Run 2 Accuracy: 0.9821




#### 3: Changing the Algorithm
Since Logistic Regression hit a ceiling (likely predicting "No" for everyone), I tried a **Decision Tree**.
* **Hypothesis:** A tree might capture non-linear rules (e.g., "If Weekend AND Price < $50, then Buy").
* **MLflow Feature:** I also logged a **Confusion Matrix** as an image artifact. This allows me to visually inspect *how* the model is making errors directly inside the MLflow UI, rather than just relying on a single accuracy number.

In [0]:
run_name = "Run_3_Decision_Tree"

with mlflow.start_run(run_name=run_name):
    # Define Features & Model Type
    features = ["price_log", "hour", "is_weekend"]
    model_type = "DecisionTreeClassifier"
    
    # Log Parameters (Key step for comparison later)
    mlflow.log_param("features", features)
    mlflow.log_param("model_type", model_type)
    mlflow.log_param("criterion", "gini") # Specific param for Trees
    
    # Train
    model = DecisionTreeClassifier(random_state=42, max_depth=5)
    model.fit(X_train[features], y_train)
    
    # Evaluate
    predictions = model.predict(X_test[features])
    accuracy = accuracy_score(y_test, predictions)
    
    # Log Metrics
    mlflow.log_metric("accuracy", accuracy)
    print(f"Run 3 Accuracy: {accuracy:.4f}")
    
    # Create Confusion Matrix
    cm = confusion_matrix(y_test, predictions)
    
    # Plot it
    plt.figure(figsize=(6,6))
    sns.heatmap(cm, annot=True, fmt='d', cmap='Blues')
    plt.title(f"Confusion Matrix - {run_name}")
    plt.ylabel('Actual')
    plt.xlabel('Predicted')
    
    # Save plot to a file
    plot_filename = "confusion_matrix.png"
    plt.savefig(plot_filename)
    
    # Log that file to MLflow
    mlflow.log_artifact(plot_filename)
    # -------------------------------------------------------
    
    # Log Model
    mlflow.sklearn.log_model(model, "model")
    
    # Close plot to prevent displaying double
    plt.close()

Run 3 Accuracy: 0.9821




### The "Accuracy Paradox" Diagnosis
My experiments revealed a critical flaw in using **Accuracy** as a metric for e-commerce data.
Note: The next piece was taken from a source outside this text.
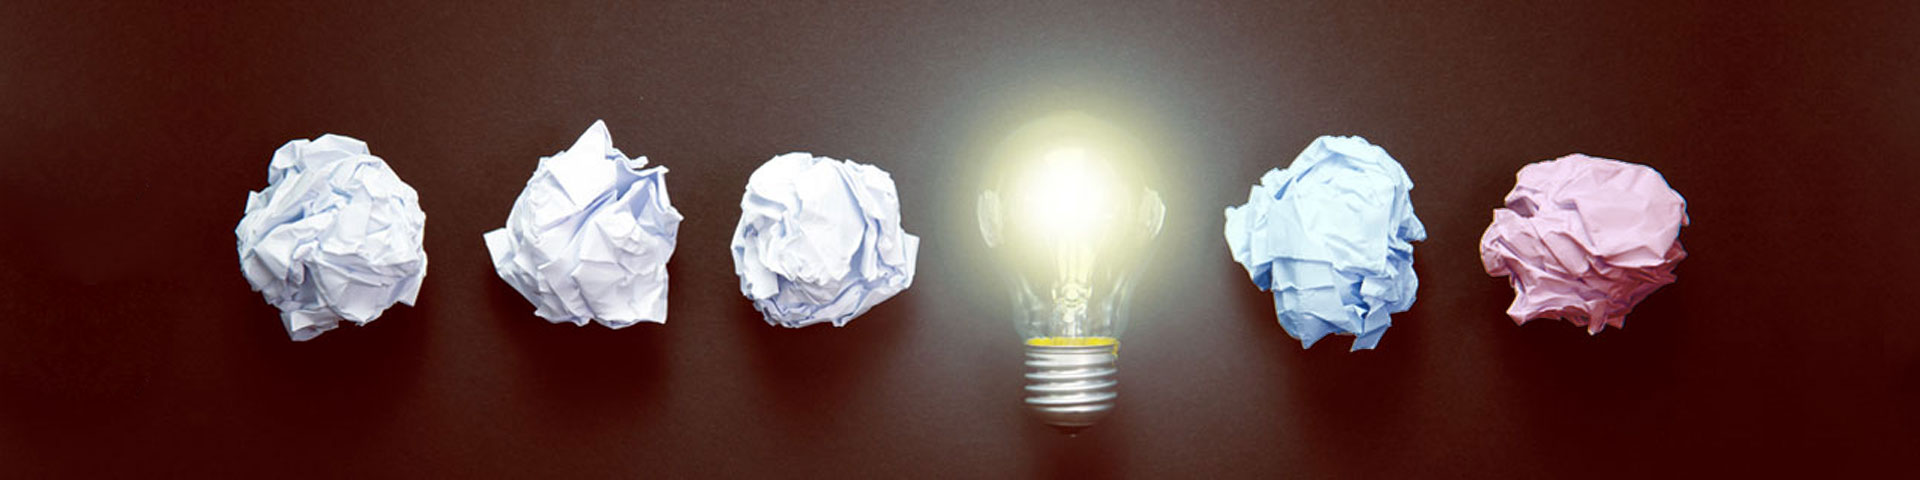 Glühbirne mit Papierkugeln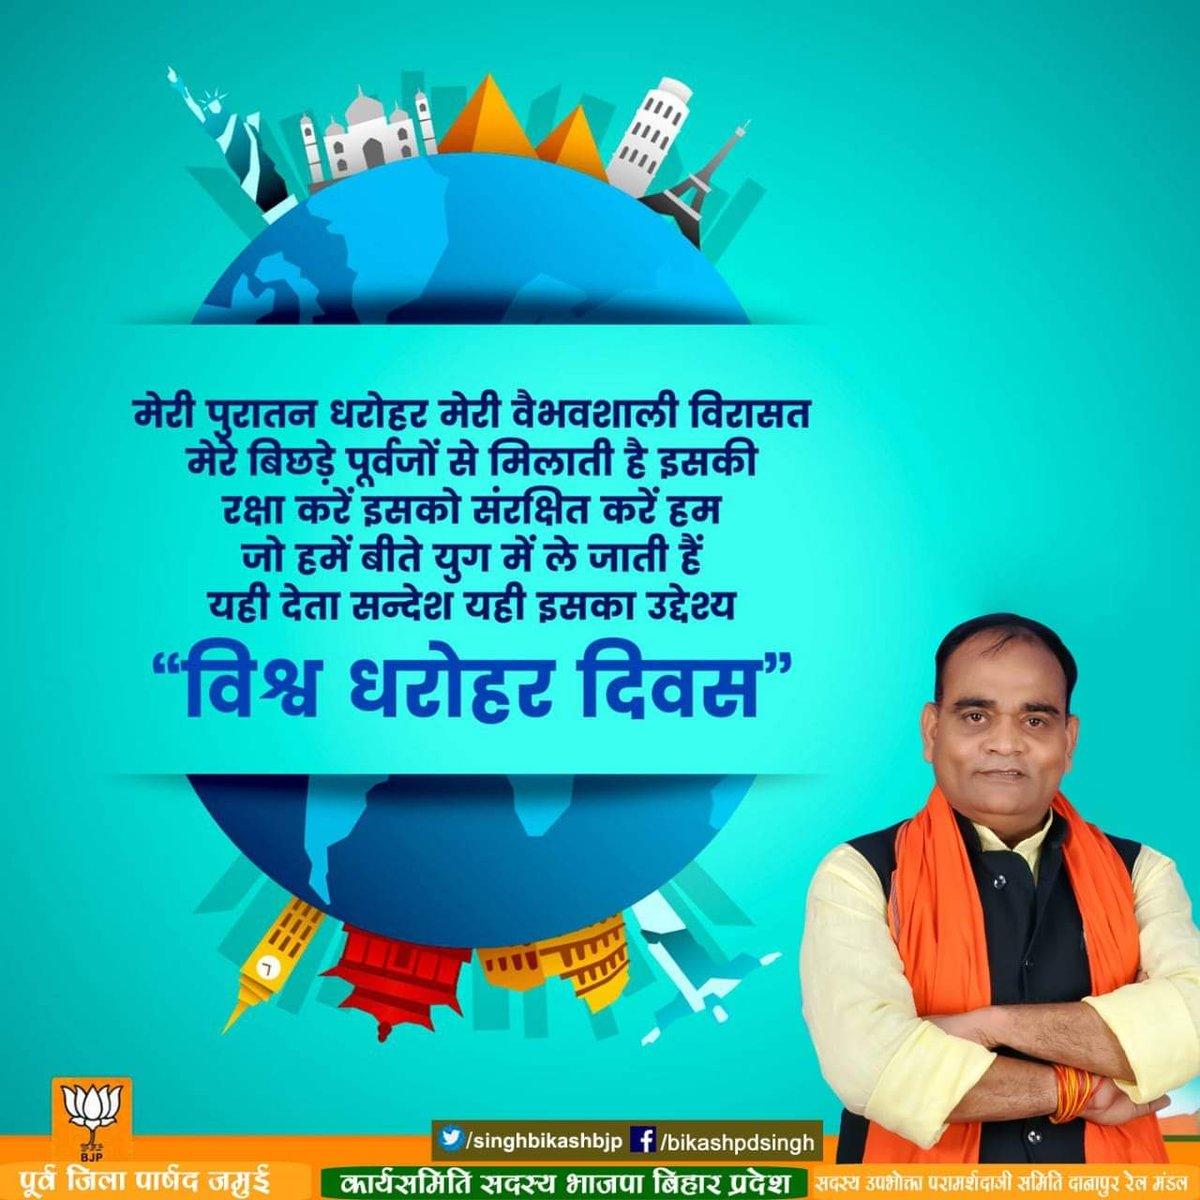 #विश्व_धरोहर के रूप में मान्यता प्राप्त स्थलों के महत्व, सुरक्षा और संरक्षण के प्रति जागरूकता फ़ैलाने के लिए मनाए जाने वाले  'विश्व धरोहर दिवस' की आप सभी को शुभकामनाएँ..    #IndiaSaysNaMoAgain #PhirEkBaarModiSarkar #NarendraModi #Jamui #BJP4Jamui #India #BJP4Bihar #Bihar https://t.co/cn8iND7hsI

**The Evidence (Run 3 - Decision Tree):**
* **Accuracy:** `98.21%` (Sounds perfect)
* **Confusion Matrix:**
    * **True Negatives:** 19,642 (Correctly ignored non-buyers)
    * **True Positives:** **0** (Failed to identify a single buyer)
    * **False Negatives:** 357 (Missed every actual sale)

**Conclusion:**
The model is "lazy." It learned that since 98% of people don't buy, the safest bet is to predict **0 (No Purchase)** for everyone.
* **MLflow Value:** Without logging the **Confusion Matrix artifact**, I would have just seen "98% Accuracy" and deployed a useless model.
* **Next Steps:** In the future, I must use **Class Weights** or **Oversampling (SMOTE)** to force the model to care about the rare "Purchase" events.